I was in a church service recently where the pastor announced that they practice “Open Communion,” and then explained “If you have accepted Christ as your savior, you are welcome to join us at the communion table, regardless of what church or denomination you may belong to.” This particular church is a warm and welcoming group, and the pastor’s open invitation sincere.
There is only one body of Christ in the world, and it’s good to recognize that our doctrinal differences need not preclude sharing the bread and the cup together. As a Christian, I like Open Communion, but I tried to put myself in the shoes of someone unfamiliar with church, who didn’t know what communion was about, or perhaps a Christian whose church jargon did not include the expression “accept Christ.”

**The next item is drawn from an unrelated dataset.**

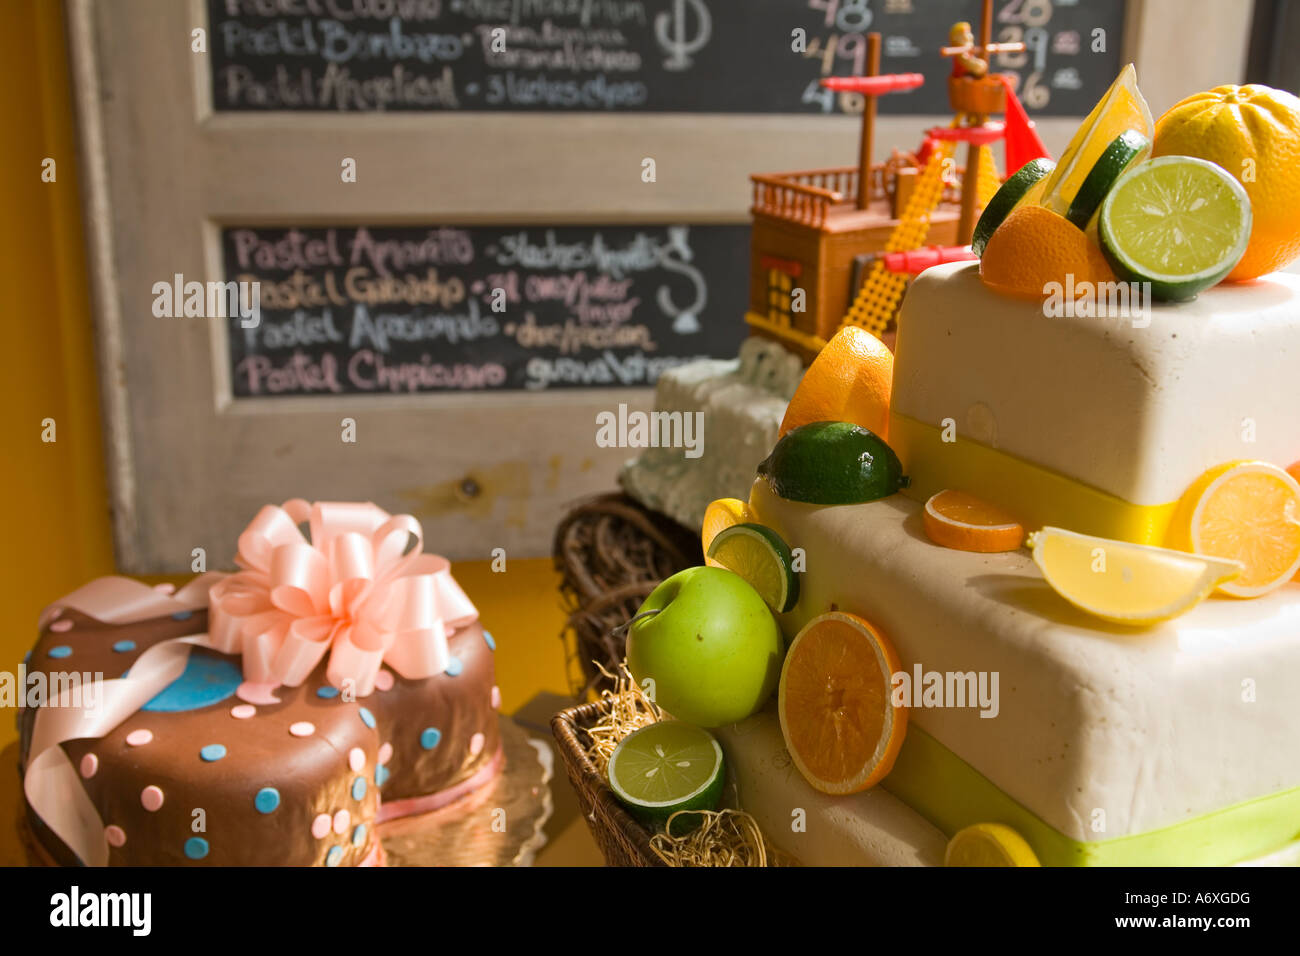 ILLINOIS Chicago Decorated cakes in bakery store window in Pilsen neighborhood prices on chalkboard Stock Photo

For them, this pastor announced Closed Communion; it was only offered to those who had previously responded to Jesus Christ in a particular way, and some may have no idea what that way is.
Do we see communion as a ritual reserved for insiders? Are we cautious because of Paul’s warnings to Christians who were partaking as selfish gluttons, heedless of others? Was Jesus selective when he offered his flesh and blood? Could an unbeliever actually receive Christ in a tangible act of eating and drinking?
What if we practiced truly Open Communion? What if we recklessly offered “Come! Whoever is thirsty, come! If you want the water of life, come and take it. It’s free!”